[Brochure n°93] Nous faire travailler plus longtemps pour sauver les retraites ?

Cet article est issu de la brochure n°93, "Pour nos retraites", à retrouver en intégralité ici : https://www.sudeducation.org/tracts/brochure-n93-pour-nos-retraites/

Rideau de fumée, mensonges et souffrance au travail [1]
Tout d’abord, six non-retraité·es sur dix souhaitent partir à la retraite à 60 ans ou avant [2]. Étude qui confirme d’autres études/sondages précédents. Seule une petite minorité veut travailler plus longtemps parce qu’ils/elles trouvent dans le travail une réalisation de soi, de valorisation et d’expression personnelle. Pour l’essentiel ce sont des cadres, des professions intellectuelles de diplômés du supérieur. Pour les autres, aller au turbin est souvent source d’épuisement et de souffrance au travail.

Dès 55 ans les patrons nous évincent du travail.
L’âge moyen de cessation définitive d’emploi est nettement plus précoce que celui d’accès aux pensions de retraites, l’écart est proche de 2 ans. Il existe de nombreuses salarié·es qui ne se trouvent ni en emploi ni en retraite. En 2021, c’était le cas de 16,7% des 62 ans. Dont 3% étaient au chômage, et 13,7% en inactivité et dépendant du RSA ou du revenu du/de la conjoint·e. Plus globalement seuls 60% des ­salarié·es passent directement de l’emploi à la retraite. Ce qui veut dire que 40% ont passé au moins un an de ce « ni ni »[3] (7% au chômage, 3% en arrêt maladie, 30% allers-retours chômage /emploi). En 2019, à 61 ans, 28% des ouvriers étaient en emploi, 35% dans le « ni ni ». Faire reculer l’âge de départ à la retraite, c’est augmenter la paupérisation avec la perspective de toucher une retraite puisqu’ils/elles auront moins cotisé. Les durées d’indemnisation pour les chômeurs ont été considérablement réduites (de 60 mois à 36 mois maximum). Ce qui fait qu’on n’est pas certain d’être indemnisé jusqu’à la retraite. Si le taux d’emploi des 55-64 ans est passé de 34% en 2002 à 56% en 2021, il reste inférieur à la moyenne européenne : 60,5%. Pour les plus de 60 ans, le taux d’emploi est de 35,5% en France contre 46,4% dans l’Union Européenne. Là encore ce sont les moins qualifiés qui payent le prix cher : 25% des sans diplôme de 60-64 ans sont en situation d’emploi, alors que 53% des diplômé·es de l’enseignement supérieur le sont. Les moins qualifié·es qui ont commencé plus tôt à travailler et à cotiser plus vite que les autres auront une fin de carrière aléatoire et précaire. Le calcul sur les 25 meilleures années, au lieu des 10 meilleures, ne peut qu’amplifier la baisse des leurs futures pensions. La CNAV [4] parlait dès 2008 d’une « chasse aux seniors ». Les entreprises cherchent à se débarrasser des « ­seniors » pour de multiples raisons : salaires plus élevés, pas assez productifs, mémoire de la vie de l’entreprise et ­savoir-faire susceptibles de contrer le management. L’âgisme fonctionne sur les lieux de travail : « le poids des représentations négatives liées à l’âge : l’espérance de vie augmente, mais les stéréotypes demeurent. L’âge constitue, avec le sexe, le premier motif déclaré des expériences de discriminations liées au travail, loin devant l’origine ethnique ». [5]

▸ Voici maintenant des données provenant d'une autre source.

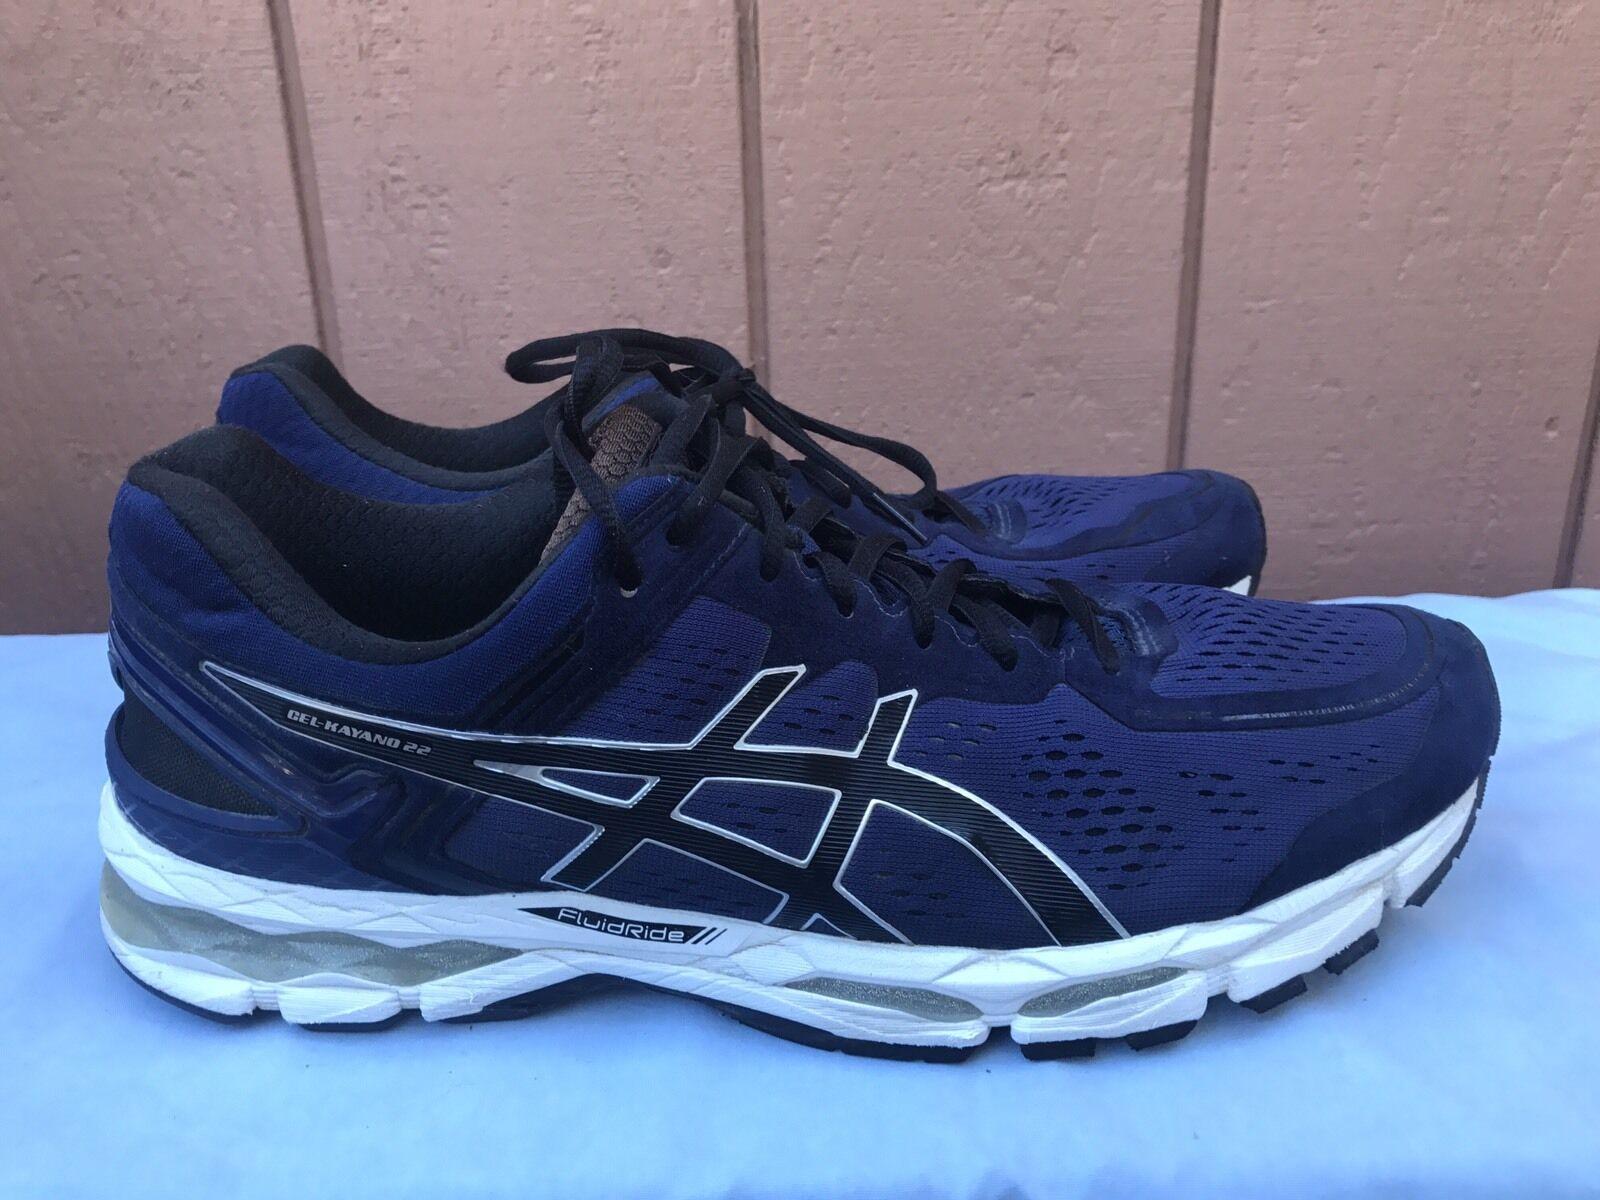 Excelente condición usada para hombre ASICS GEL KAYANO 22 Running Zapatos Talla EE. UU. 12.5 Azul Marino T547N

Combien de temps pouvons-nous encore tenir physiquement ?
40% des Français·es ne pensaient pas tenir jusqu’à 60 ans, contre moins 20% chez les Suédois·es et les Allemand·es. La pénibilité physique du travail ne doit pas être niée. Un million de salarié·es doivent répéter le même geste à une cadence élevée de plus de 20 heures par semaine. Près de 2 millions de travailleurs portent des charges lourdes plus de 10 heures par semaine. Les troubles musculosquelettiques (TMS) ont occasionné la perte de 10,8 millions de journées de travail en 2018. C’est une machine à créer des départs précoces et touchent en priorité les ouvriers/ouvrières. Rappelons qu’en 2017, Macron, qui n’aime pas le mot « pénibilité », a supprimé 4 critères sur 10 : vibrations mécaniques, expositions aux agents chimiques dangereux, manutentions de charges lourdes, postures pénibles.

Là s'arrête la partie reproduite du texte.